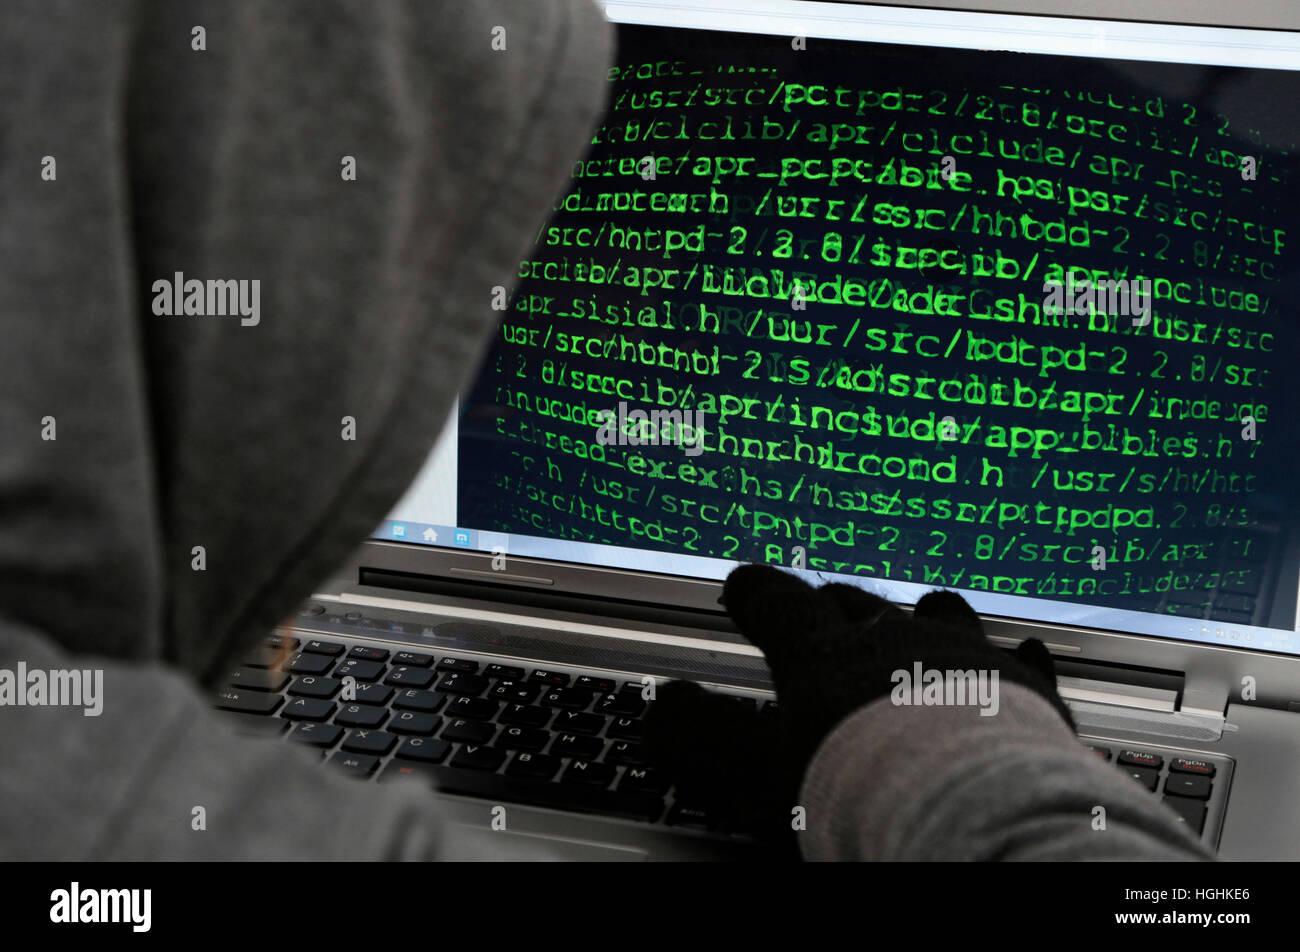 Hacker irreconocible en la parte delantera del ordenador - Concepto de ciberdelincuencia Imagen De Stock
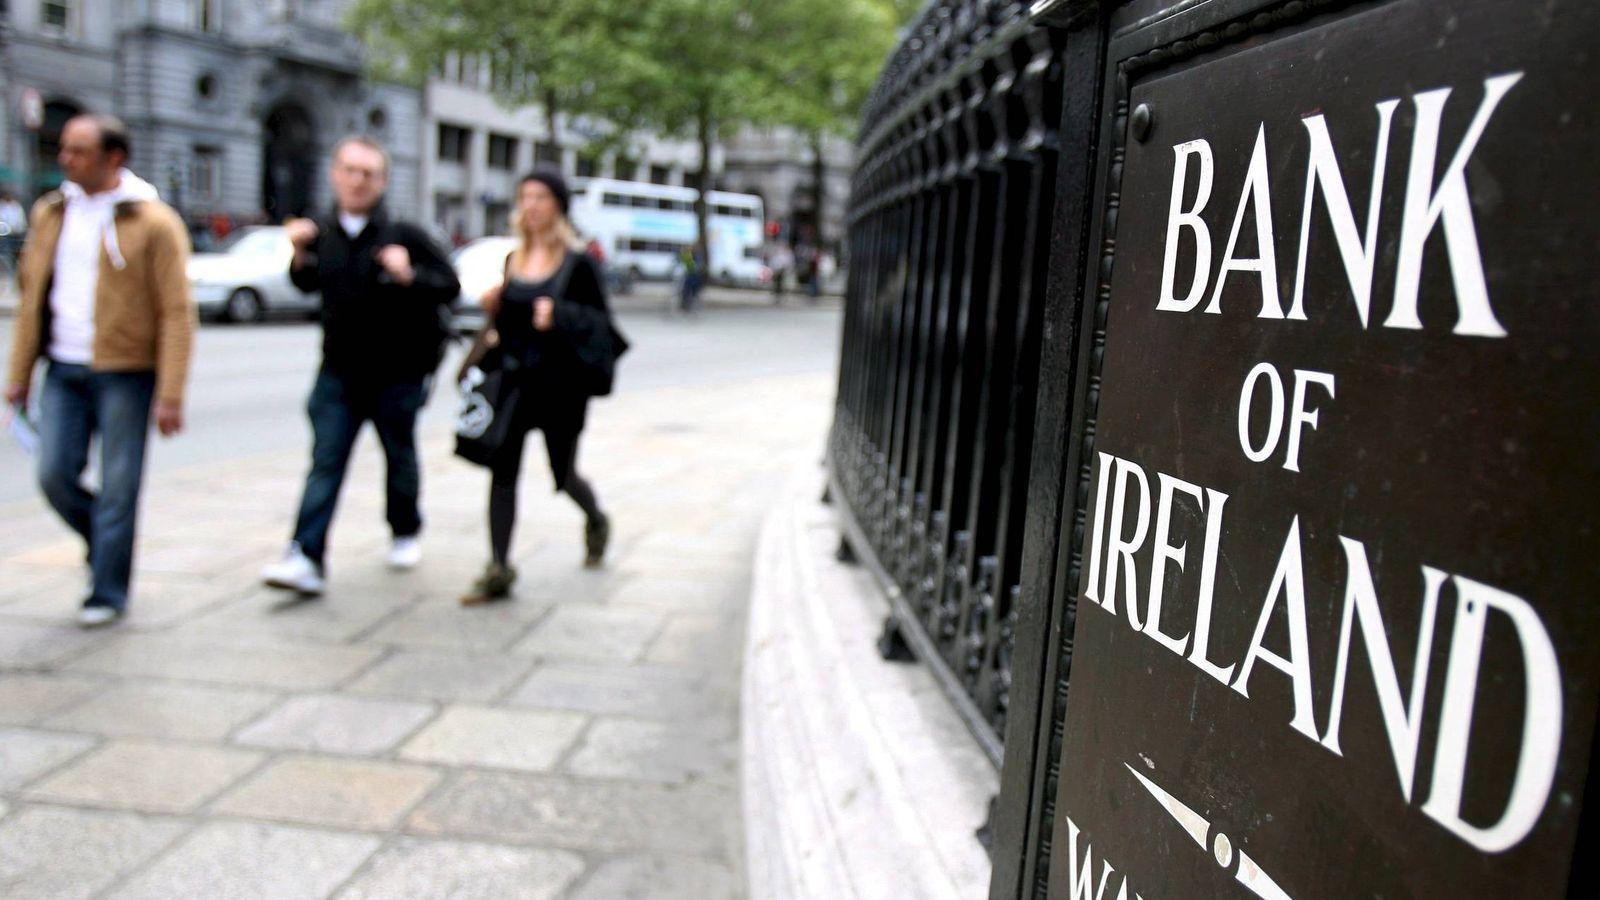 Foto: Sede de Bank of Ireland en Dublín. (EFE)
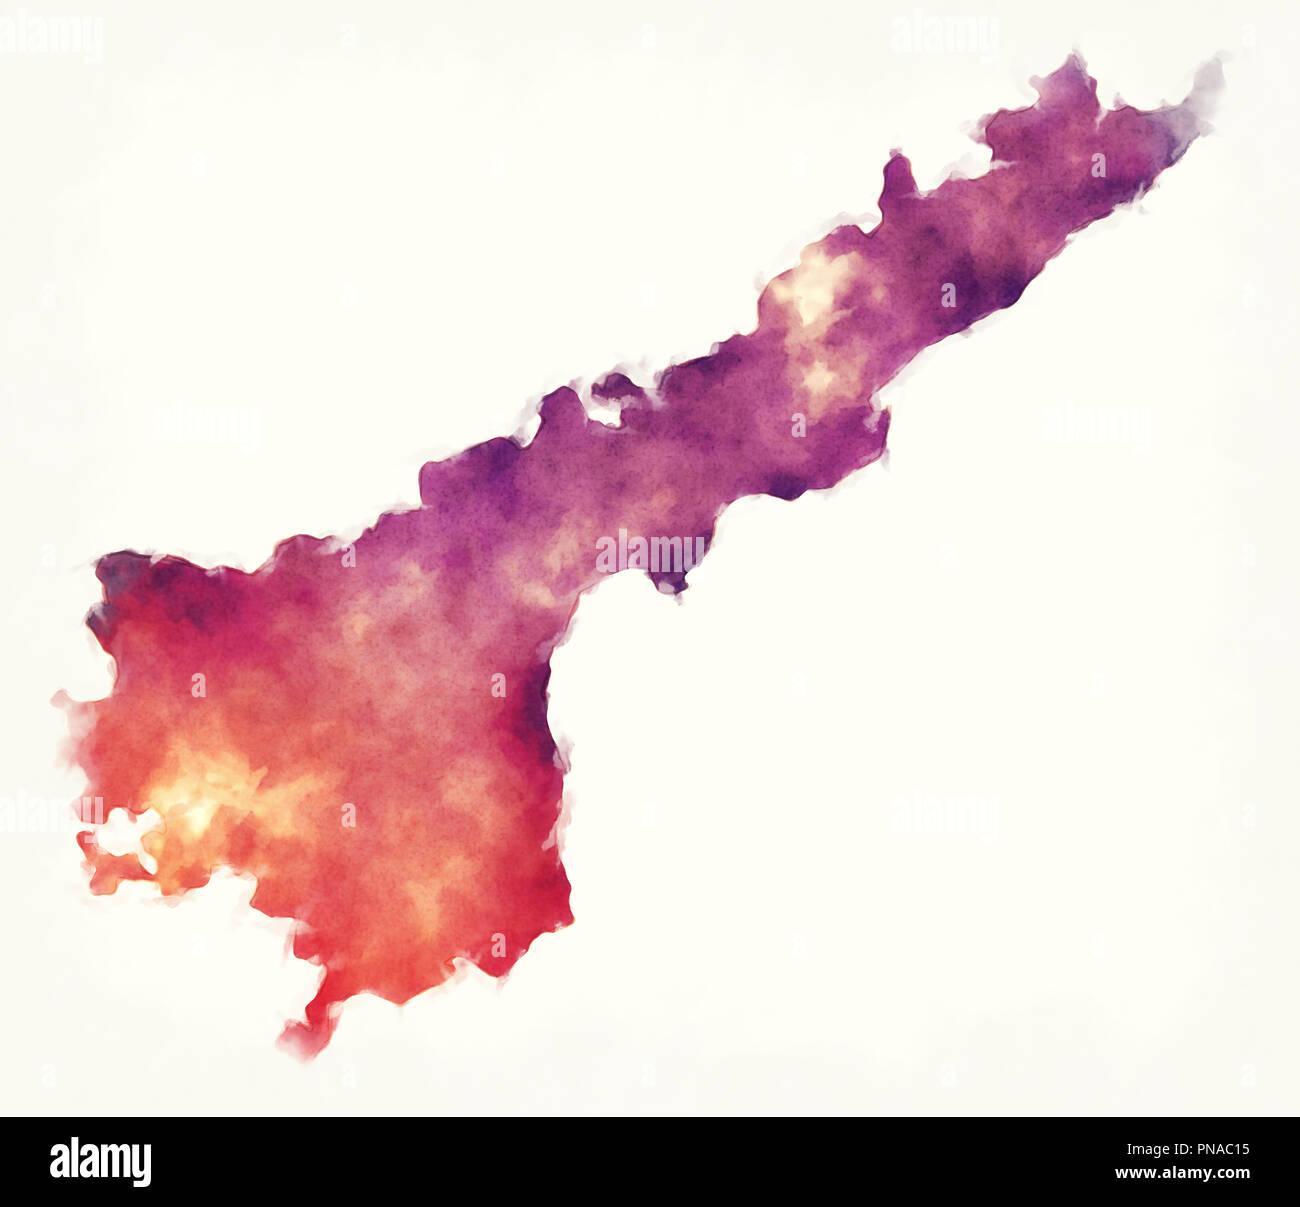 Andhra Pradesh Map Stock Photos & Andhra Pradesh Map Stock Images ...
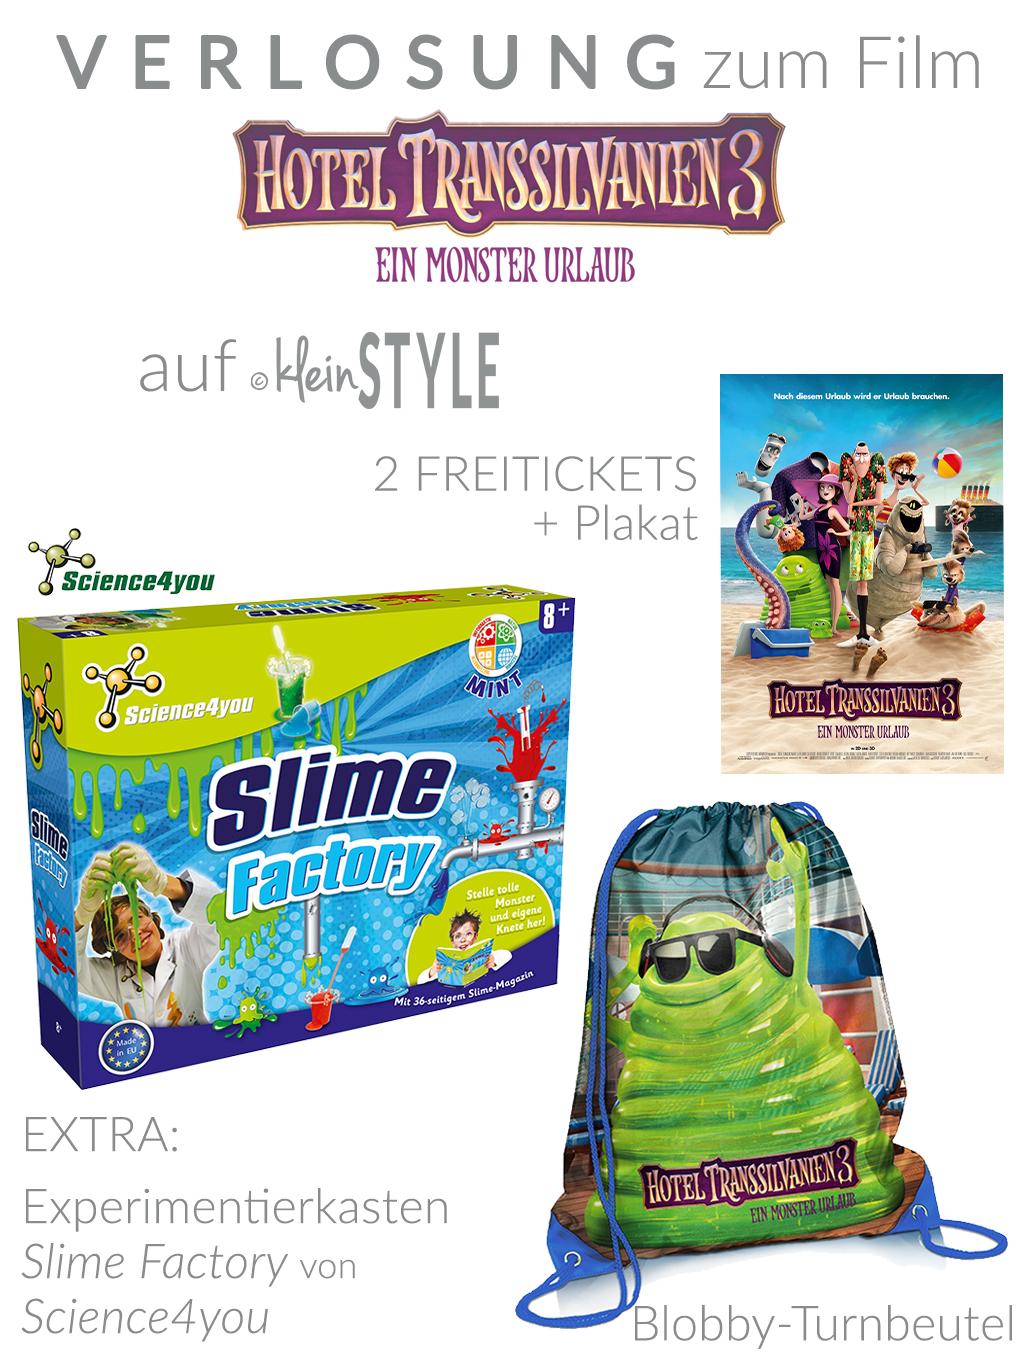 HOTEL TRANSSILVANIEN 3 Monster Urlaub Gewinnspiel kleinSTYLE.com
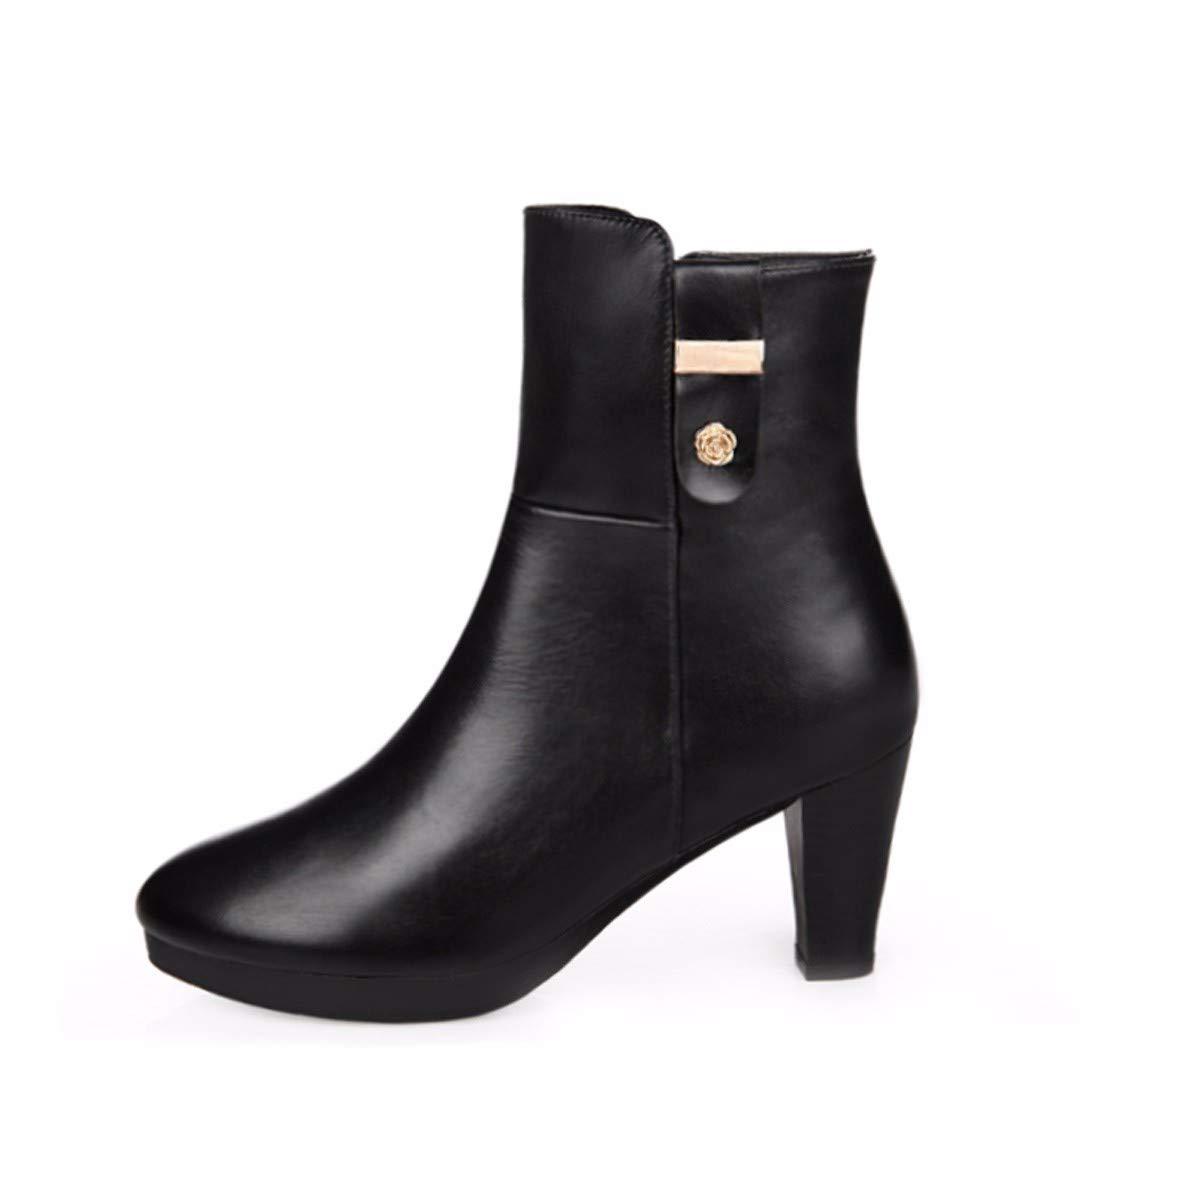 HBDLH Damenschuhe Damenschuhe In Herbst und Winter Starke Wurzeln Kurze Stiefel Schuhe Stiefel Wild High Heels 7Cm

**Work request**
Everything in the data except the pictures must appear in your answer unchanged.

**Answer to this exercise**
 Hacker irreconocible en la parte delantera del ordenador - Concepto de ciberdelincuencia Imagen De Stock
 Foto: Sede de Bank of Ireland en Dublín. (EFE)
 Andhra Pradesh Map Stock Photos & Andhra Pradesh Map Stock Images ...
 HOTEL TRANSSILVANIEN 3 Monster Urlaub Gewinnspiel kleinSTYLE.com
 HBDLH Damenschuhe Damenschuhe In Herbst und Winter Starke Wurzeln Kurze Stiefel Schuhe Stiefel Wild High Heels 7Cm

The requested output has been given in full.